Della precedente libertà sono rimasti soltanto dei simulacri vuoti. Per ora non sono state rimosse le cabine telefoniche rosse identiche a quelle di Londra, e continuano a circolare gli autobus a due piani che rammentano da vicino quelli londinesi. Ma è solo un inganno, giacché la città-isola è ormai del tutto simile alle grandi metropoli della Cina continentale.

La cultura è solo quella ammessa da Pechino. Università e scuole sono state costrette a modificare i loro programmi facendo tornare in auge l’insegnamento del marxismo-leninismo nella sua versione maoista, anche se è noto che non è per nulla gradito a studenti e insegnanti. Al contempo viene pure inculcato nei giovani l’orgoglio patriottico, magnificando in ogni occasione i successi ottenuti dal Partito comunista, al potere dal lontano 1949.

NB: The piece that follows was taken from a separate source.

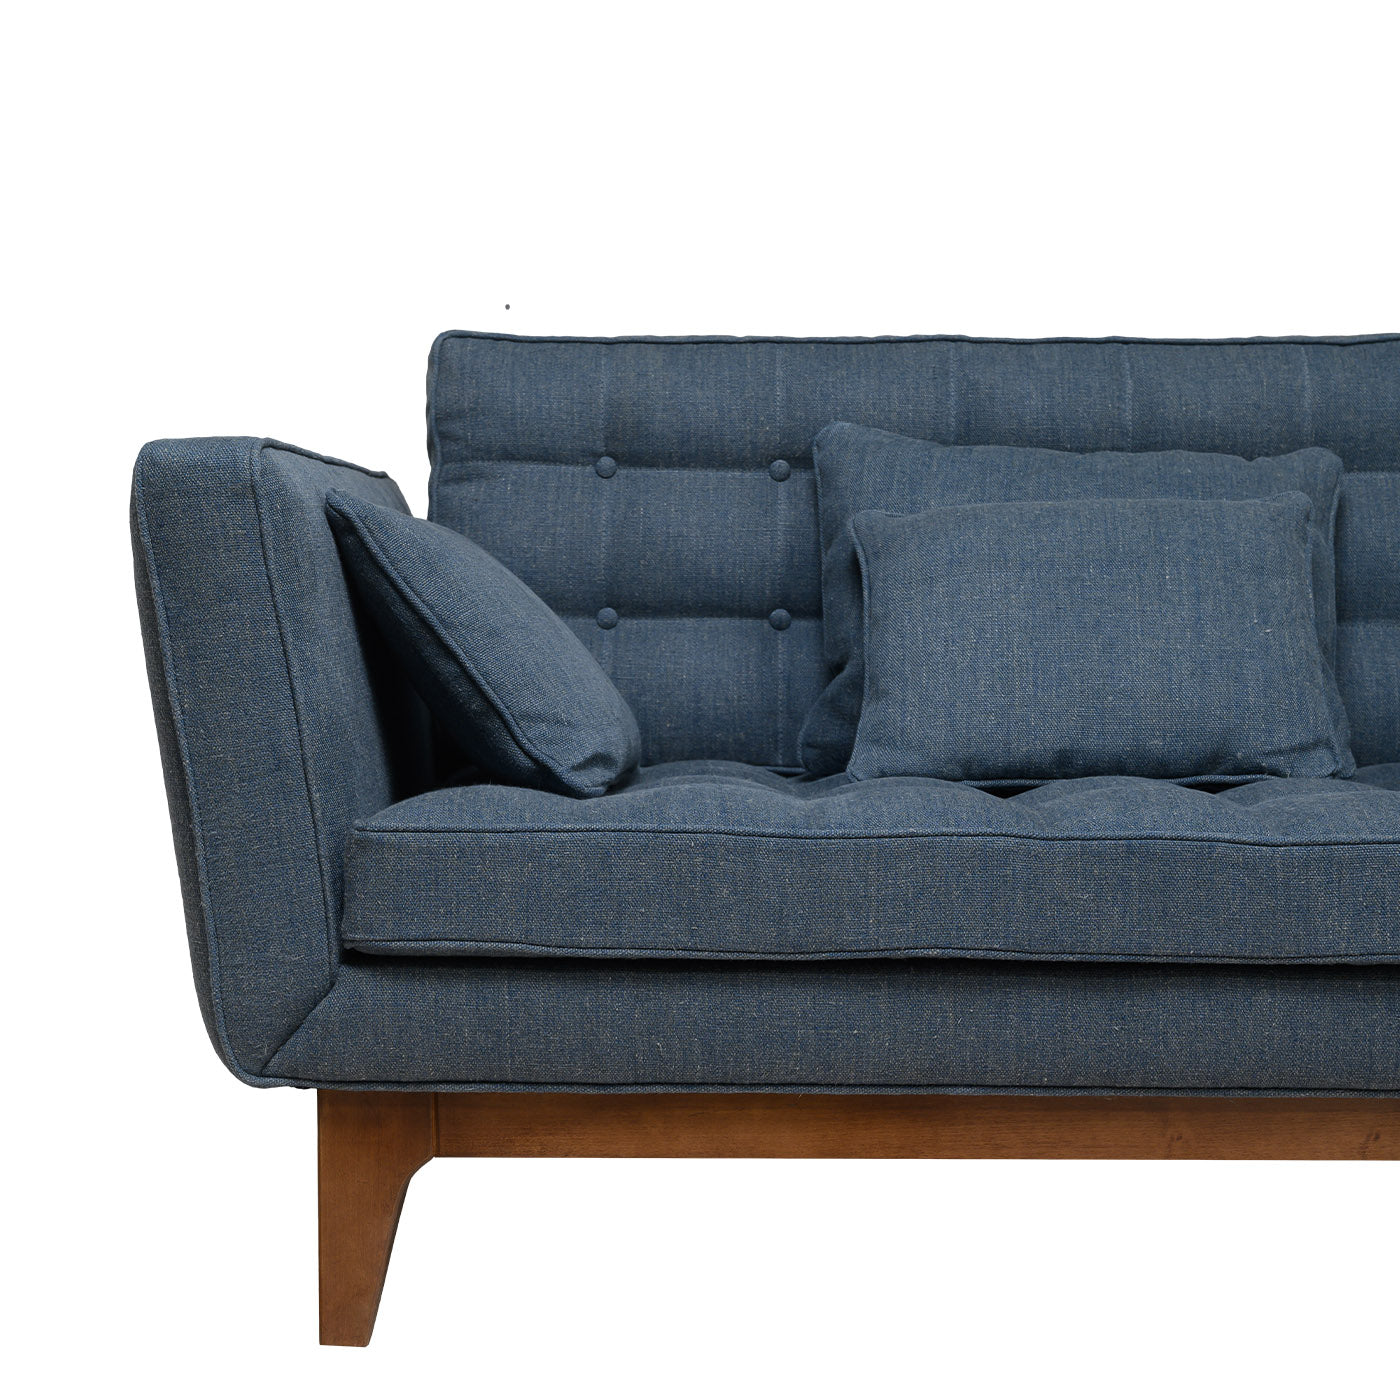 Yvan 3-Seater Blue Sofa - Alternative view 1

Il clima cimiteriale ha investito in pieno anche il mondo dell’informazione. Prima Hong Kong era nota per la presenza di molti giornali ed emittenti radiofoniche e televisive liberi di fornire notizie complete e non censurate, anche se sgradite al regime. La governatrice Carrie Lam, scelta da Pechino per “mettere ordine” in ogni settore, ha in effetti svolto il suo compito con grande diligenza.

Di giornali e tv indipendenti non è rimasta alcuna traccia. Sono inoltre state prese misure volte a oscurare i social network occidentali. In precedenza, i cittadini residenti nella Cina continentale potevano, per esempio, eludere la sorveglianza informatica e accedere a Facebook HK, che restava relativamente libera consentendo di conoscere gli avvenimenti nel mondo senza censura. Ora anche tutto questo è finito, e chi aveva dei contatti FB in Cina li ha visti sparire in men che non si dica.

Non parliamo poi dei giornali indipendenti. Uno dei primi a fare le spese del nuovo corso è stato Apple Daily, vivace quotidiano pubblicato – in cinese e inglese – nella ex colonia britannica. Il suo direttore Ryan Law e l’amministratore delegato Cheung Kim-hung sono stati arrestati nel corso di un blitz nella sede del giornale condotto da ben 500 agenti. Ai due, subito condotti in tribunale, è stata negata la libertà su cauzione.

A ruota è seguito l’oscuramento del sito internet indipendente Citizen News e, via via, di tutti gli altri. Per continuare le pubblicazioni giornali, tv e siti internet hanno dovuto adeguarsi alla censura preventiva imposta da Pechino. È il caso, per esempio, del glorioso South China Morning Post, che veniva utilizzato anche dalla stampa internazionale per avere notizie di prima mano su ciò che accedeva nella Repubblica Popolare. Finito anche questo. Ora parla soltanto del trionfo delle Olimpiadi di Pechino, e assomiglia sempre più al Global Times, il quotidiano ufficiale in lingua inglese del Partito comunista.

E non basta. La governatrice Carrie Lam ha fatto sapere che molto presto si verificherà un’altra stretta con l’adozione della Safeguarding National Security Law, grazie alla quale si prevedono pene ancor più dure delle attuali per i reati di tradimento, secessione e sovversione (viste, ancora una volta, da un’ottica comunista). Per questo è stato proibito ad Amnesty International e a tutte le organizzazioni che si occupano di diritti umani di svolgere qualsiasi tipo di attività nella città-isola.

Ma i governanti di Pechino vogliono anche cancellare la memoria della città. Hong Kong era l’unica città cinese in cui si celebrava ogni anno l’anniversario della strage di Piazza Tienanmen, avvenuta nel 1989. Proprio a fini commemorativi era stato eretto nel 1997, nel campus della Hong Kong University, il “pilastro della vergogna” dedicato alle vittime del massacro. Ora non esiste più, poiché la polizia lo ha rimosso con un blitz notturno.

Le prospettive della città, insomma, sono quanto mai cupe, e il controllo pervasivo delle autorità rende in pratica impossibile ogni manifestazione di protesta che rammenti quelle, oceaniche, che riempirono strade e piazze di Hong Kong per tanto tempo. L’ordine cimiteriale di Pechino regna dunque indisturbato, il che induce a porsi un quesito. I biechi colonialisti inglesi erano davvero peggiori dei comunisti eredi di Mao Zedong? La risposta è no. Erano migliori, in barba a ogni criterio di correttezza politica.